The case for tuition fees

At first glance, £9,250 per year seems like an extortionate amount of money to be charging students many of whom will have earned very little to no money in their lifetimes. The average student in England has just over £40’000 of debt by the time they are required to start repaying it. Therefore it is no surprise that there is widespread public support for the abolition of tuition fees especially, unsurprisingly enough amongst young people. However, this view is a misguided one, accelerated by the populist left whose advocacy for such a policy harms the poorest in society they claim to represent.

Campaigners for abolition argue that higher education is a basic right that should be available to everyone no matter their socio-economic background and that tuition fees, therefore, disadvantage poorer students who do not have the means to pay the high prices. This is an economically imbecilic simplification of the tuition fees system in England. Firstly, student loans cover all tuition costs no matter what an undergraduate’s financial situation is. Secondly under the student loan system tuition fees are only paid back once one reaches an income of £25,725. 9% of every penny earned above this is then diverted to reducing a graduate’s student debt. Thirdly all student debt is written off after 30 years. Therefore, tuition fees function like a graduate tax, a student will pay back as much as their degree earns them.
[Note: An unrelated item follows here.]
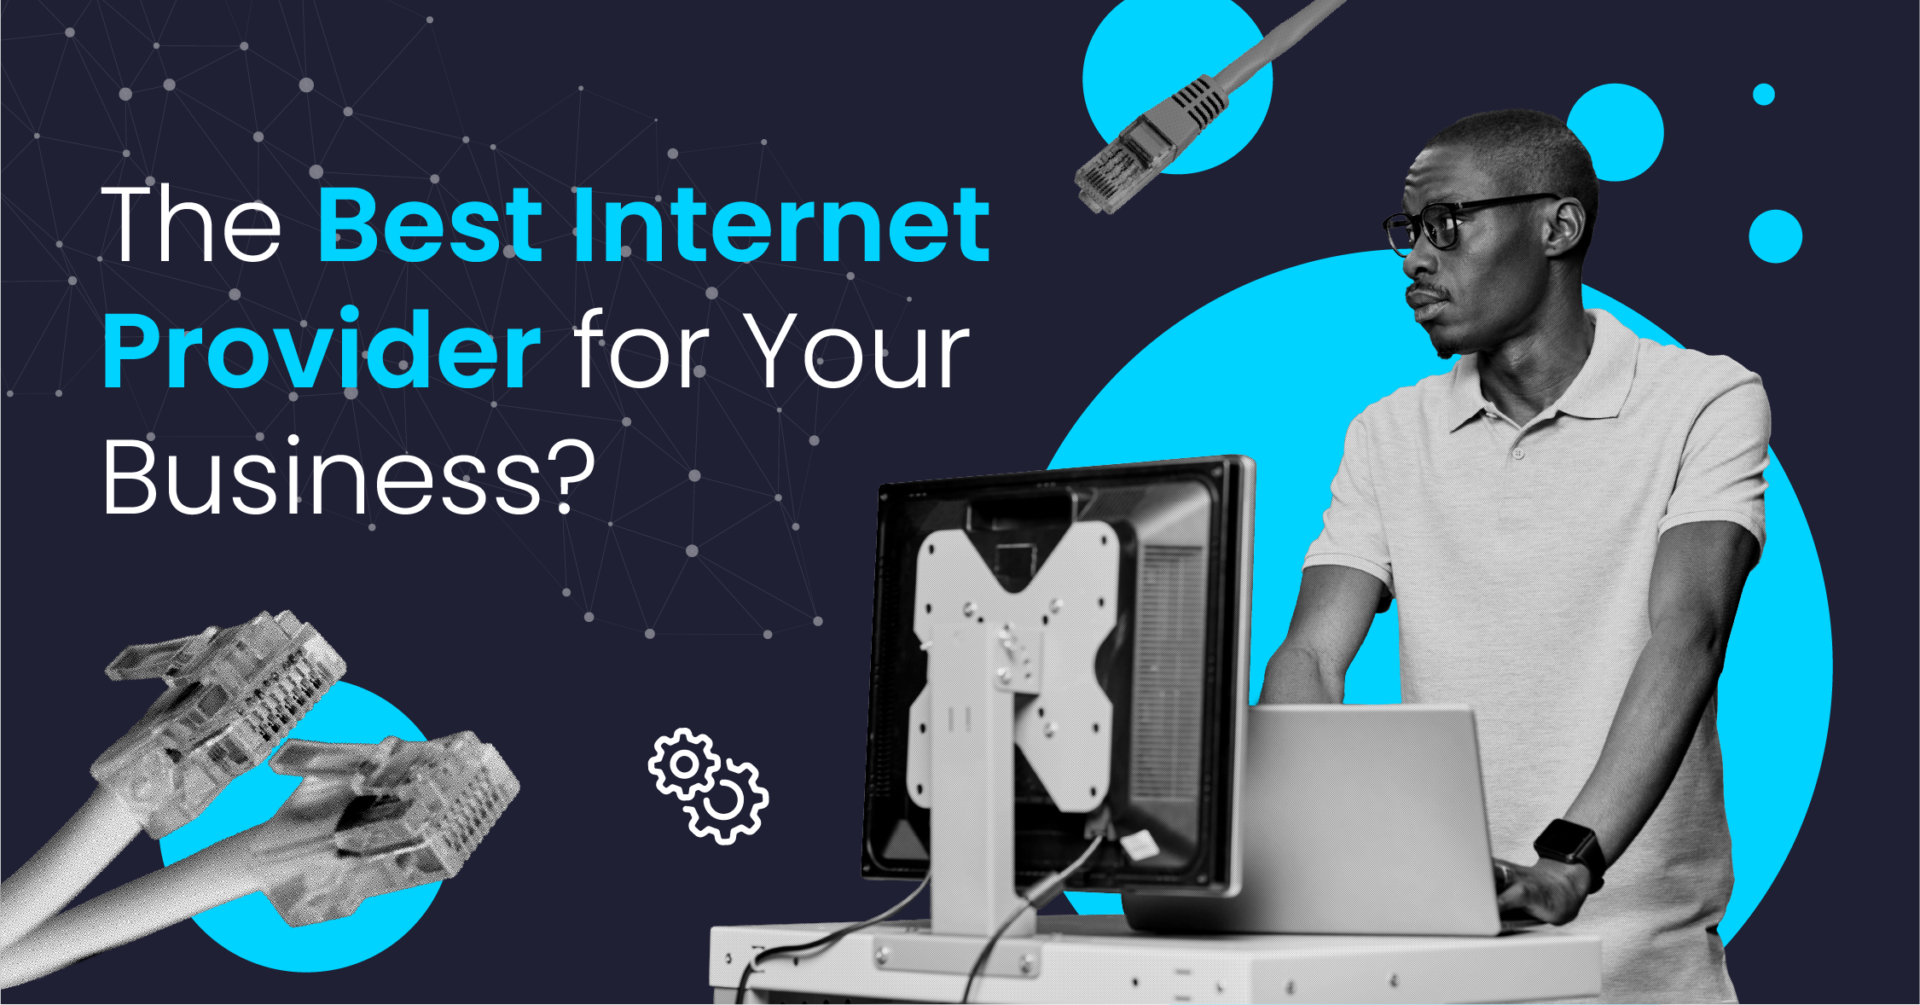 Graphic for a blog post featuring the title 'The Best Internet Provider for Your Business?' prominently displayed in white text on a dark background with blue geometric shapes. To the right, a focused man wearing glasses and a casual polo shirt is working on a laptop, with a large ethernet cable and network switch in the foreground symbolizing connectivity. The overall design conveys a modern, tech-savvy atmosphere.

University attendees have historically been a minority in England. In 2000 shortly after tuition fees were introduced 33% of young people obtained a university degree by 2018 that number had risen to just over 50%, for the first time ever university students were the majority. This expansion of higher education participation has been attributed to well-funded universities being able to offer more places, thanks to tuition fees. But imagine for a moment that the fees were abolished and that universities were funded through general taxation. Half the country, the lesser-educated, poorer half would be helping to pay for the education of the other half. Yes, they would be giving less than their counterparts but they are still paying for services they are unable to enjoy. Thus, such a system would be regressive.

The political parties in England seem to have evaded any ideological obligations to this policy in recent years. At the last General election, it was the Labour Party under Jeremy Corbyn who proposed complete abolition, yet the tuition fees system is simply another form of progressive taxation and thus any socialist ought to consider it a good policy and one that has opened higher education to ‘the many not the few’. On the other hand, the Liberal Democrats, by uneasily supporting tuition fees have abandoned the principles of liberalism. For surely there is something inherently illiberal about indebting someone to the state for most of their working life. Though it was not always like this, since tuition fees were first introduced in 1998, each of the three main parties in England has at some point supported abolition.

The Corbynites who support the abolition cause irreparable harm by advocating this policy even when their wishes are not being granted. Young people have developed an irrational fear that they cannot afford to attend university because of the cost of tuition fees. They read the daunting words ‘£9,250 per year’, ‘forty grand of debt’ and whatever some high-profile member of the shadow cabinet has recently said, and it instils an unnecessary bias against higher education. Often, the young people in question are from poorer socio-economic backgrounds who are more cautious about the costs involved. This is only widening inequality, as academically and financially able teenagers are being dissuaded from getting a degree.

The student loan system in this country does have its flaws though and benefits those with the means to pay off their debt quickly. The debt amassed by students increases over time due to high-interest rates, however, if say the ‘bank of parents’ stepped in and repaid the loan soon after graduation, then these interest rates would be of little concern. Therefore, poorer students are spending more on their education than their upper-middle-class peers.

The solution has been laid out succinctly by Lord Blunkett who as education secretary introduced tuition fees. He argues that it ought not to be to reduce fees, as this would only benefit future higher earners who will have paid off the money in full by the end of the 30-year cut off period. Instead, Blunkett advocates reducing the astronomical interest rates so that more students can repay the loans in full and there is less disparity between those who are able and those who are unable to pay off the loan upfront.